Es necesario sensibilizar a la sociedad sobre el valor sagrado de cada persona; criticar el consumismo y superar el individualismo; enfatizar la relación entre fe y vida, a través de la práctica de la justicia; ampliar la democracia asentada sobre metas de sustentabilidad;  fortalecer la globalización de la solidaridad, de modo que se vaya creando una nueva alternativa de sociedad, en la que lo que hay de más sagrado -la vida humana- esté por encima de la idolatría del dinero.

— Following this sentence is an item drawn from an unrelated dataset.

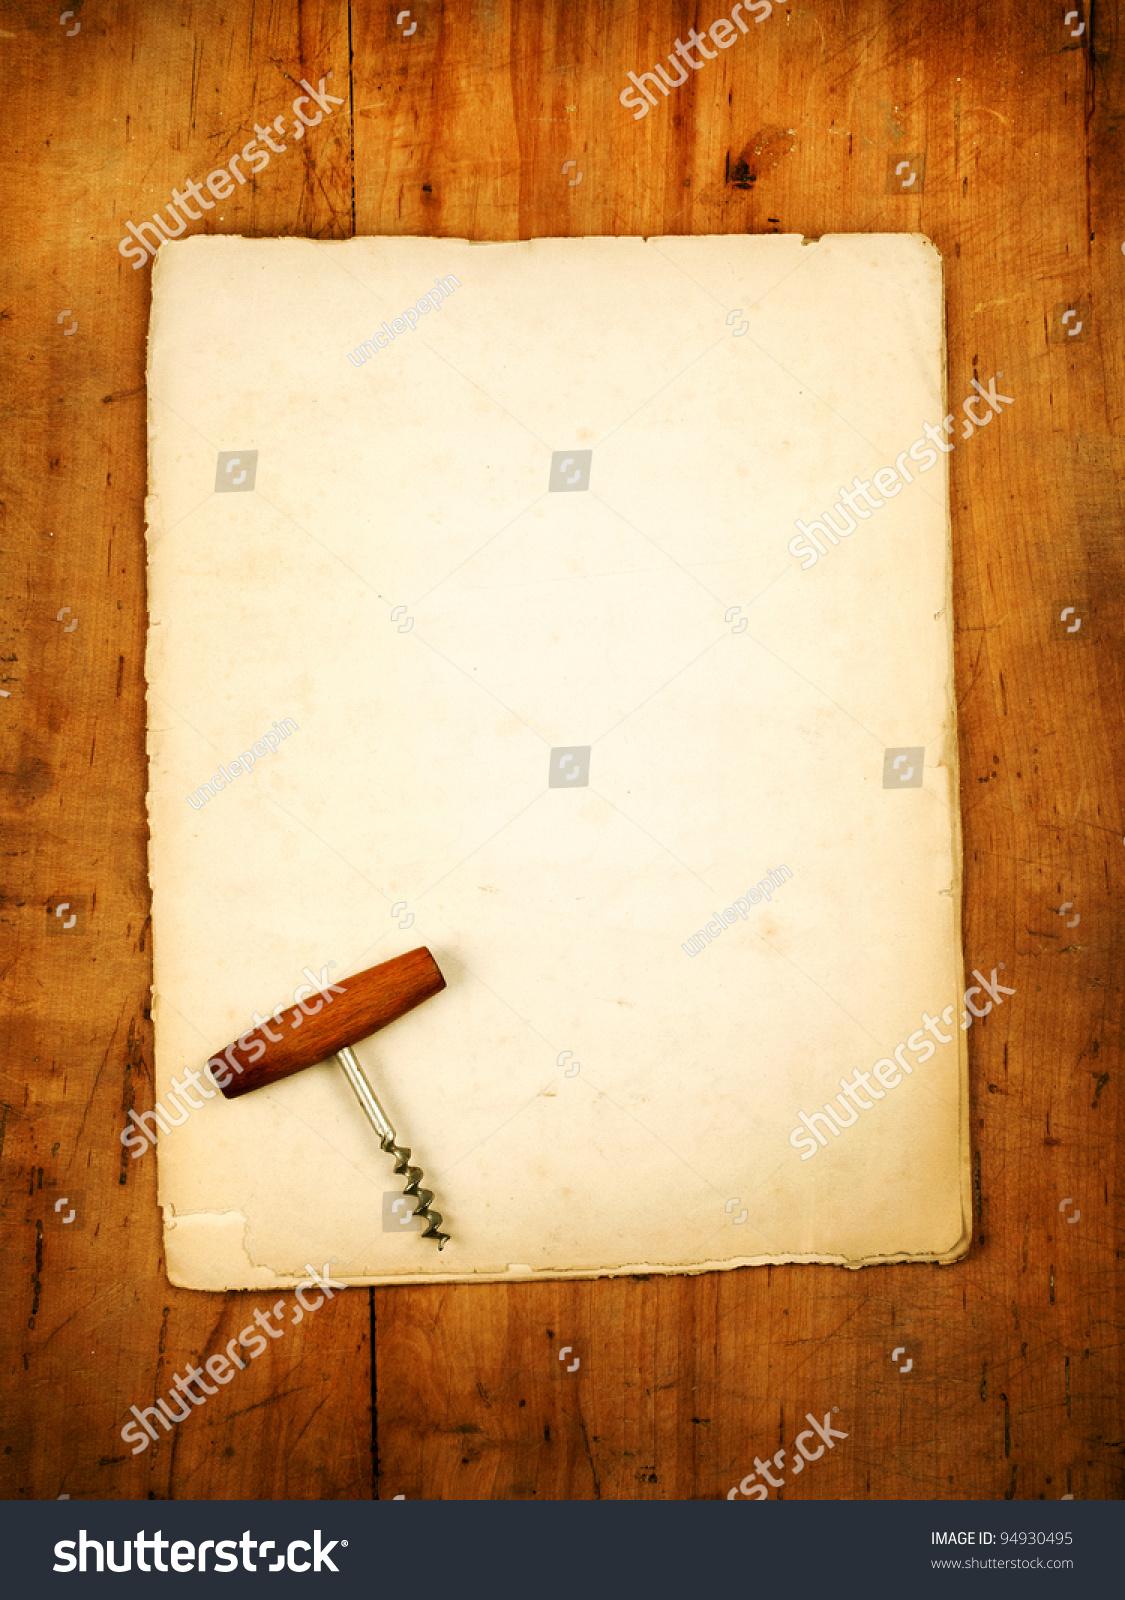 Blank Paper Menu Old Wine Opener Photo 94930495 Shutterstock – Blank Paper Background

La ONU informa que en el 2009 se invirtieron 1.8 billones de dólares para ayudar a bancos y empresas amenazados de quiebra debido a sus dificultades económicas y financieras. ¿De dónde salió esa inmensa suma de dinero? La pregunta es pertinente, pues hasta entonces se decía que no había recursos para garantizar los derechos básicos de las personas ni para la superación de la miseria y del hambre. Sin embargo, en los últimos 49 años la ayuda de los países ricos a las naciones en desarrollo fue solamente de 200 mil millones de dólares. Una miserable limosna a lo largo de casi medio siglo.

La crisis financiera comprobó que, por sí solo, el mercado es incapaz de reducir el índice de exclusión social y asegurar la prosperidad colectiva. Y ni es éste su objetivo.

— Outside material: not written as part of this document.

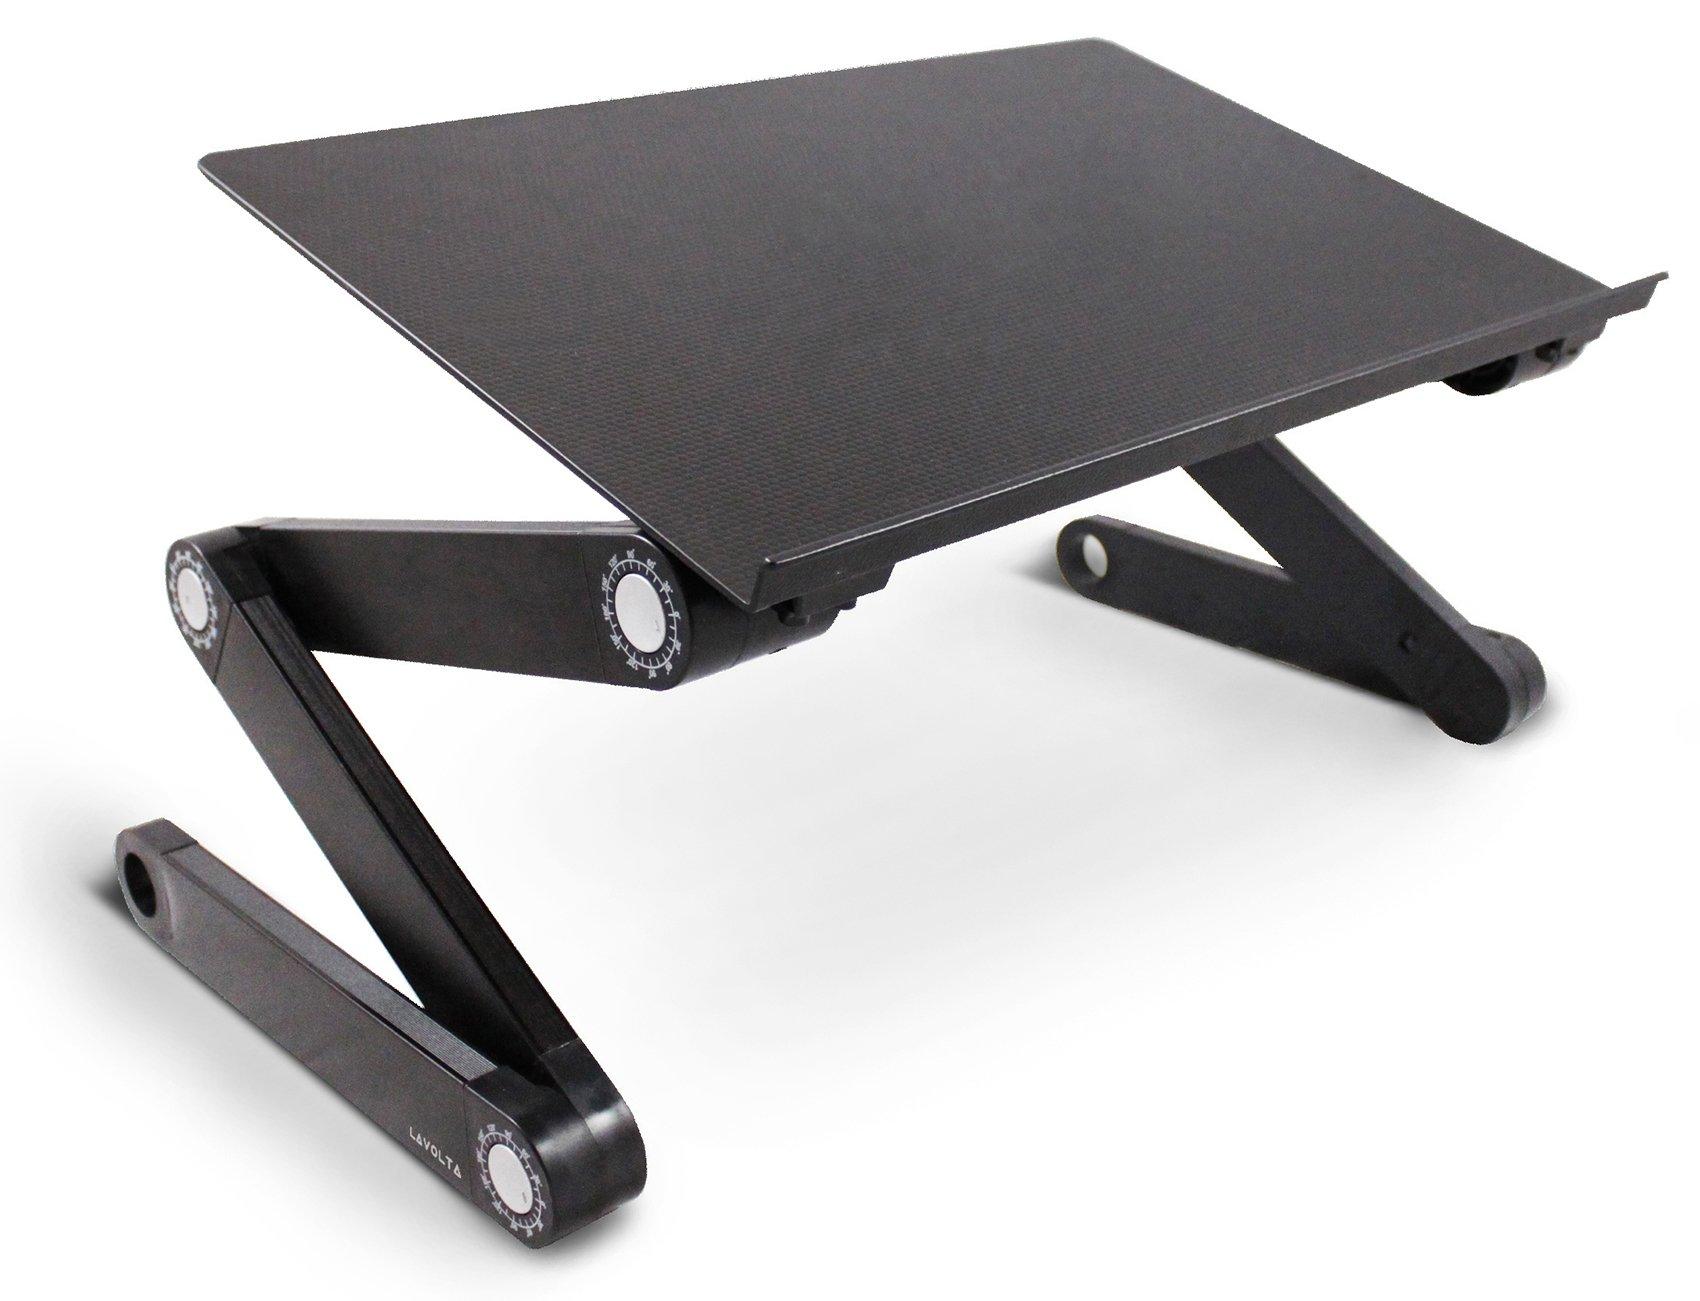 Lavolta Ergonomic Laptop Table Desk Breakfast Bed Tray Book Holder

A la raíz de la desigualdad social imperante en el Brasil está la concentración de tierras en manos de pocas familias o empresas. Tenemos la segunda mayor concentración de la propiedad hacendaria del planeta. Apenas el 2.8% del total de las propiedades rurales del país tienen más de 1000 ha y ocupan el 56.7% de las tierras cultivables. Los minifundios representan el 62.2% de los inmuebles rurales y sólo ocupan el 7.9% del área total -de acuerdo con el Atlas Hacendario del INCRA. Es como si el área conjunta de los estados de São Paulo y Paraná estuviera en manos de los 300 mayores propietarios rurales, mientras que 4.8 millones de familias sin tierra estén a la espera de tierra para sembrar.

La lógica económica que predomina en la política del gobierno insiste, con el pretexto de evitar la inflación, en elevar los intereses para favorecer al mercado financiero y no a los consumidores. Basta decir que el gobierno federal gastó en el 2008, con la deuda pública, el 30.57% del presupuesto de la Unión para lubricar la especulación financiera. Y solamente el 11.73% del presupuesto en salud (4.81%), educación (2.57%), asistencia social (3.08%), seguridad pública (0.59%), organización agraria (0.27%), gestión ambiental (0.16%), urbanismo (0.12), cultura (0.06%), saneamiento (0.05%) y vivienda (0.02%).

Quienes pagan más impuestos son los pobres. El 10% más pobre de la población destinan el 32.8% de sus pequeñas entradas al pago de impuestos, mientras que el 10% más rico, que disponen de mecanismo de exención tributaria, apenas pagan el 22.7% de sus ingresos.

El ciclo de la moderna economía política se cierra en un mundo autosuficiente, indiferente a cualquier consideración ética sobre  la vida humana y la preservación de la naturaleza. Los datos históricos y la miseria en que vive gran parte de la humanidad -dos tercios de la población mundial sobreviven por debajo de la línea de la pobreza, según la ONU-, cuestionan el rigor y la seriedad de dicha ciencia y la bondad de las políticas económicas orientadas más al crecimiento y a la acumulación de la riqueza que a un verdadero desarrollo sustentable.

Frei Betto es escritor, autor de “Calendario del poder”, entre otros libros.